Kerrey’s admissions came in The New York Times Magazine, a story initially quashed by the television networks. Clearly indictable under existing war crime statutes, Kerrey participated in a cover-up of his unit’s killings for nearly three decades while he used his claims to valour to promote his political career.
Following The New York Times revelations, though, two interesting things happened, both relating to how history is constructed, not only as a vision of the past, but as a call to action in the future. In that context, Kerrey’s thinking about his experience in Vietnam, written not too long after he returned, is instructive.
As the Times article developed, Kerrey and his friends first began to commiserate with one another about the tough times they had, the strain on their consciences, the difficulty they had in living with dirty secrets, how their reputations of valour may be imperfect. Besides, what were we to do when everyone was an enemy? This experience traces the path of many convicted fascist war criminals in Germany who, exposed long after WWII closed, said the same thing.
Second, the debate shifted to who we shall call heroic. The mainstream outlook is now at least two-fold: perhaps nobody, or maybe people like Kerrey since war is hell. Three kinds of heroes are missed altogether.
Certainly those working-class US youth who found themselves enmeshed in a web that led directly to the front lines of battle in Vietnam, those of them who refused to go on burn-all kill-all missions, those who shot their own officers and blew them up in their tents, creating a new word in the lexicon, fragging; those who returned to the US, joined the Vietnam Veterans Against the War, and, denouncing the war, threw their Medals of Honor back at Congress; those young men and women, black and white, like Bill Marshall and Scott Camil, wounded and decorated heroes who rejected the war, are mostly unnoticed.
The working class anti-war movement is almost equally opaque, as if the resistance emanated from Harvard and Columbia, behind the cavalier lead of rich liberal children with bombs like Billy Ayers whose contempt for people sought to substitute explosives for a mass conscious movement. In fact the blue-collar student movements at Wayne State in Detroit, San Francisco State, Kent State, and related schools seriously took up the issues of people who had a lot to lose, whose draft deferments were not coming from counsel with connected pals in the medical school, and who could wield real power by exerting their natural influence in their birth-class. Often under the leadership of Black and Latin youth, those people then led the mass sit-down strikes in auto in Detroit, and the community uprisings throughout the US, while the terrorists hid in million-dollar homes, returning to academic prominence after legal wrist slaps a few years later–now rich liberals without bombs.
Further outside the imperial gaze, even today, is the heroism of the Vietnamese, not only those who Kerrey and many other US officers caught up in the genocidal invasion sought to exterminate, but those who defeated the empire, politically, militarily, and morally, causing imperial troops to run away in their helicopters, pushing their allies off the struts as they ran.
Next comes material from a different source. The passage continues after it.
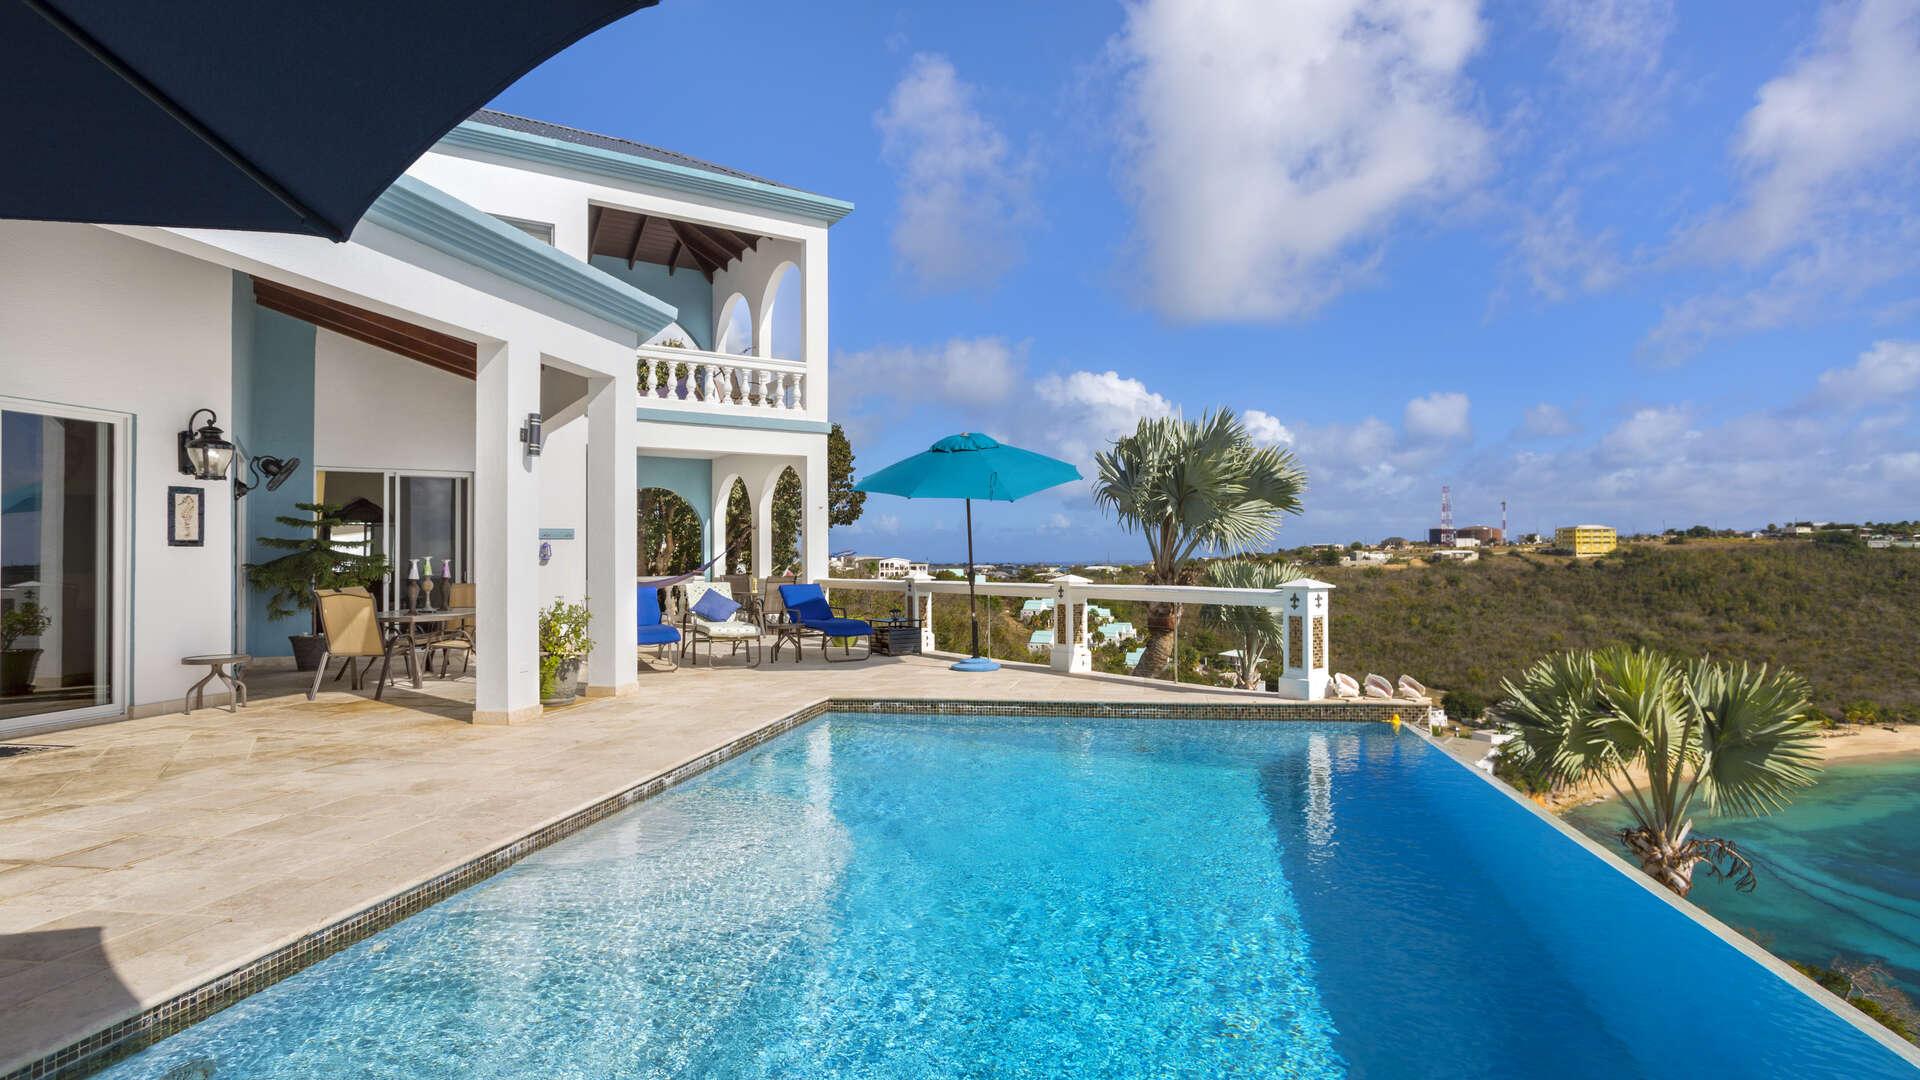 - Grand Outlook Villa - Image 1/56

Despite every effort to reconstruct that piece of history, whether through relentless Hollywood endeavors to recapture the good old days of World War II, or the repositioning of responsibility to suggest that all US troops in Southeast Asia were war criminals, and hence none of them were, nothing ever will be the same.
At the end of the wars on Vietnam, when the US fled at the end of April, 1975, the US military was in utter collapse, the economy a shambles, the presidency upended by Watergate and the Pentagon Papers, and the campuses in full uproar. Reversing all of that has been a 40 year project, with some success, especially the project to eradicate the memory of the facts of the war itself.
There are no Vietnamese victors on Vietnam Wall, yet millions of them died–and changed the world.
However, for purposes of clarity, it is worthwhile to look back on what Robert Kerrey wrote after he returned from Vietnam, more than twelve years ago, perhaps when his recollections were sharper, less opportunistically censored by the polish of electoral success. This is what Nebraska’s Robert Kerrey said in the opening paragraph of an article titled, “On Remembering the Vietnam War:”
“Around the farm, there is an activity that no one likes to do. Yet it is sometimes necessary. When a cat gives birth to kittens that aren’t needed, the kittens must be destroyed. And there is a moment when you are holding the kitten under the water when you know that if you bring that kitten back above the water it will live, and if you don’t bring it back above in that instant the kitten will be dead. This, for me, is a perfect metaphor for those dreadful moments in war when you do not quite do what you previously thought you would do.”*
Such is the choice, drowning cats or universal solidarity against despotism–and the perversion of academic life.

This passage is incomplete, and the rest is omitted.